L’esposizione inizia con i primi lavori dell’artista, eseguiti nei primi anni 90, che si occupa del razzismo e dei problemi di genere. Afferma il camminatore lo shock che è venuto ad Atlanta, un luogo in cui la gara era un argomento caldo che ha causato molte differenze, molti più che nella sua natia in california. Non invano, all’inizio degli anni ’90, gli Stati Uniti erano la scena di grandi cambiamenti in termini di genere e sesso con due grandi scandali, in Nuova Cork ea Los Angeles, che ha individuato le copertine dei giornali per giorni. Ma la sua produzione iniziale non è stata basata direttamente su questi due fatti, ma in altri momenti storici in cui le ingiustizie sociali erano ugualmente presenti. E li ha sviluppati introducendo una tecnica salvata del XVIII secolo, l’incorporazione di sagome tagliate che si adattavano ai disegni e ai dipinti o direttamente sulle pareti. Era tuo da allora un atteggiamento molto vicino a quello dei caricaturisti, con un punto satirico molto marcato.

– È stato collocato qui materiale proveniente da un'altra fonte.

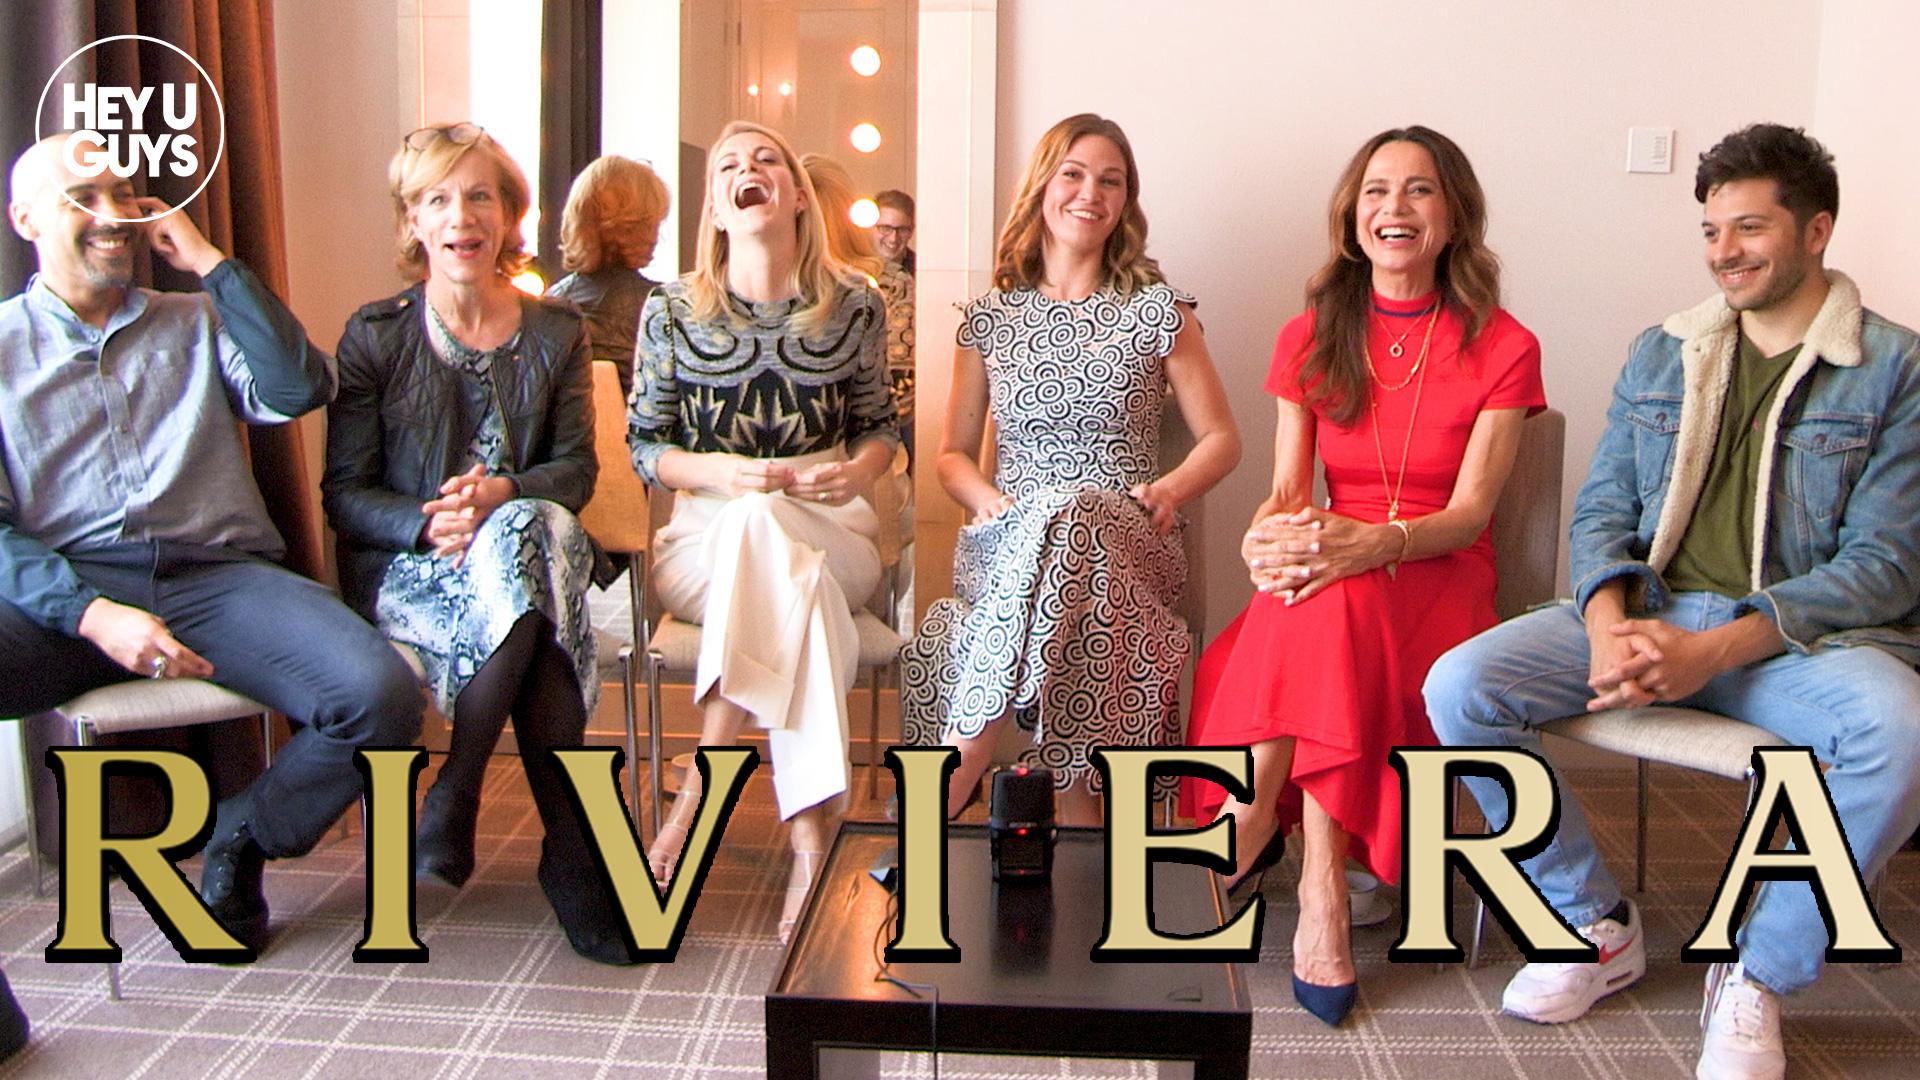 riviera cast interviews

è presente nel campione il grande muro una storia d’amore storica di una guerra civile come si è verificato tra le cosce dusky di un giovane negrees e il suo cuore, uno dei suoi pezzi paradigmatici di metà degli anni ’90. Il murale segue il modello contrassegnato dalla tradizione diciotto se si basa sui ciclami del S.XVIII. Il lavoro di Kara Walker ha un impatto visivo forte e immediato, ma non rimane solo lì. Uno degli interessi principali dell’artista è quello di provocare e agitare la consapevolezza dello spettatore e della domanda di risposte. “Voglio attirare lo spettatore, fallo entrare nella storia, voglio che tu attirasse intelettualmente da un contesto di bellezza”, dice. L’artista è consapevole che i temi della razza e della schiavitù sono delicati. Nel suo lavoro un alto livello di ambigöy è percepito che offre più alternative di interpretazione. Pertanto, lo zio Tom Mural, basato sul romanzo della cabina dello zio Tom, mostra un carattere sottomesso e immaturo, mentre nel romanzo di Harriet Beecher Store Tom, lo zio Tom appare come schiavo sofferente, un modello della virtù cristiana. Come in molti dei suoi lavori, Walker presenta reinterpretazioni di storie che abbiamo pensato di sapere pienamente.